What are your memories of school food “back in the day,”and how do you think school food has changed since then?
[Ed. Update: This post led to a discussion of the mysterious “Perfection Salad” that appears on the menu — check it out here, and even more retro-Jello-fun here.]
Dr. Susan Rubin says
I’m wondering how much soda and junk was in the schools in 1974. I’m sure you’ve watched King Corn, so you know that it was the Nixon administration’s head of the USDA, Earl Butz who turned things around for corn and ultimately made HFCS cheaper than sugar.
Back in the 70’s those cows were likely eating grass, not corn and soy. Therefore, that ‘beef cutlet’ might have been significantly healthier.

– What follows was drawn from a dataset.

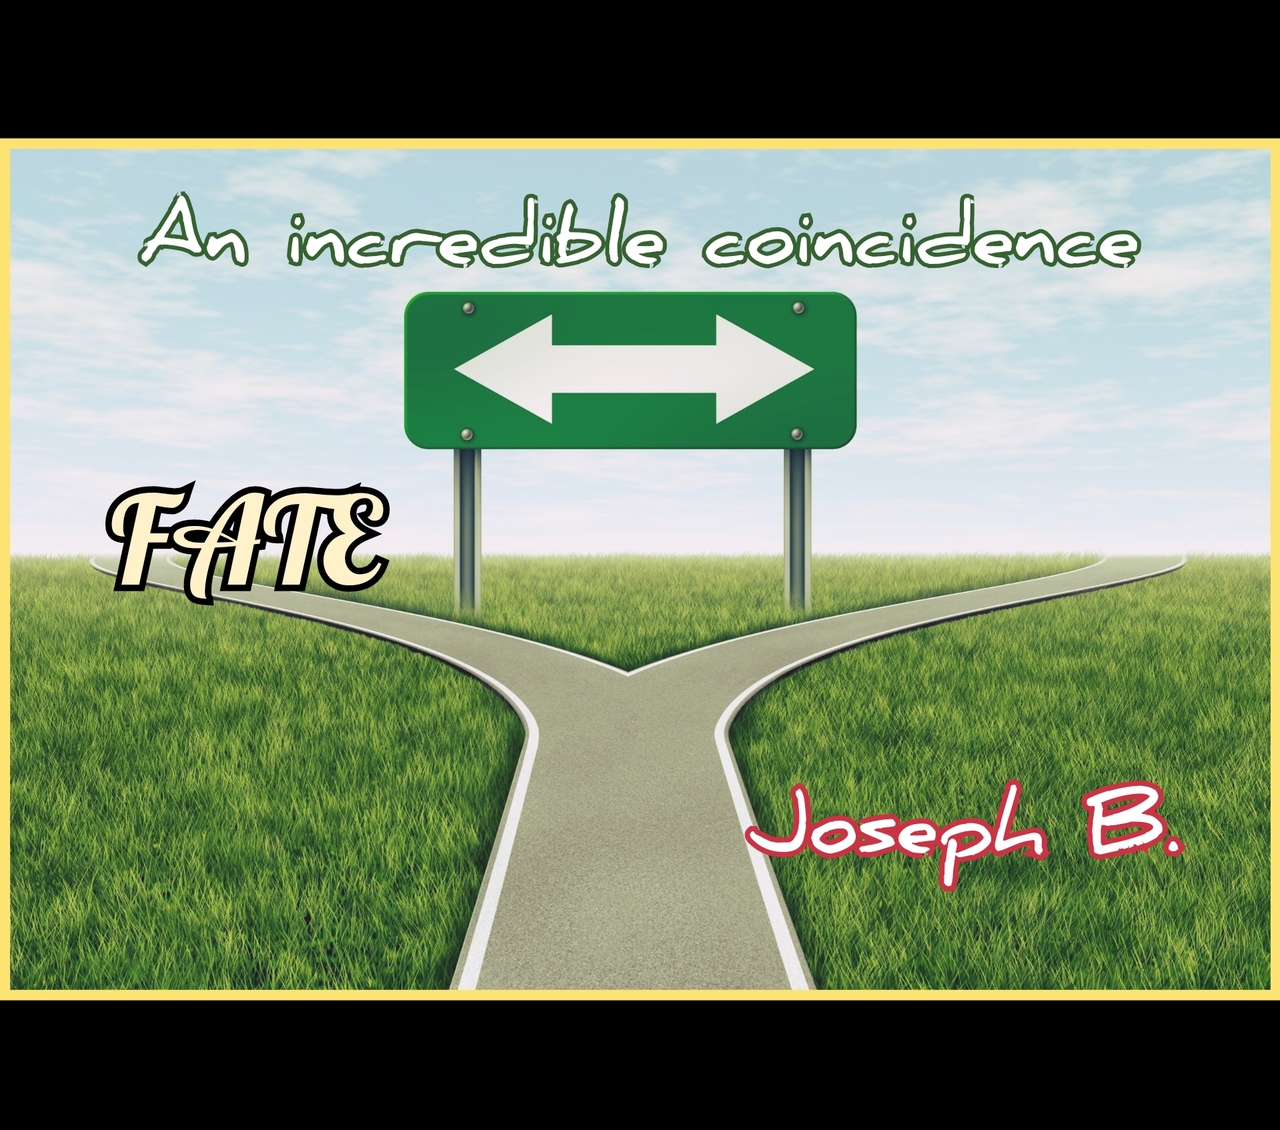 FATE by Joseph B. (MP4 Video Download)

I, for one, was old enough to be in school in the mid ’70’s. I can personally attest that there were NO candy machines or soda machines in my school! No sugary rewards in classrooms- I would have remembered them for sure as I was quite the sugar junkie back in my teen years!
bettina elias siegel says
Susan: Your point about sugary rewards is so right-on. Just on Saturday, my daughter was offered candy bars for good performance in a local singing class, Hershey’s kisses for giving the right answers in Junior Congregation at our synagogue, and then more candy for going up to the bima after services. All that before noon!
Jessica Williams says
True, the only time we got candy was in our grab bag on Valentines Day! And that depended on who brought you one. They didn’t force us to bring for the whole class, so if you were a loner (like me), you got about 3 Dum Dum Pops total, lol!
Louise Goldberg says
I am having a chuckle at Dr. Rubin’s last sentence–I simply cannot picture her being a sugar junkie!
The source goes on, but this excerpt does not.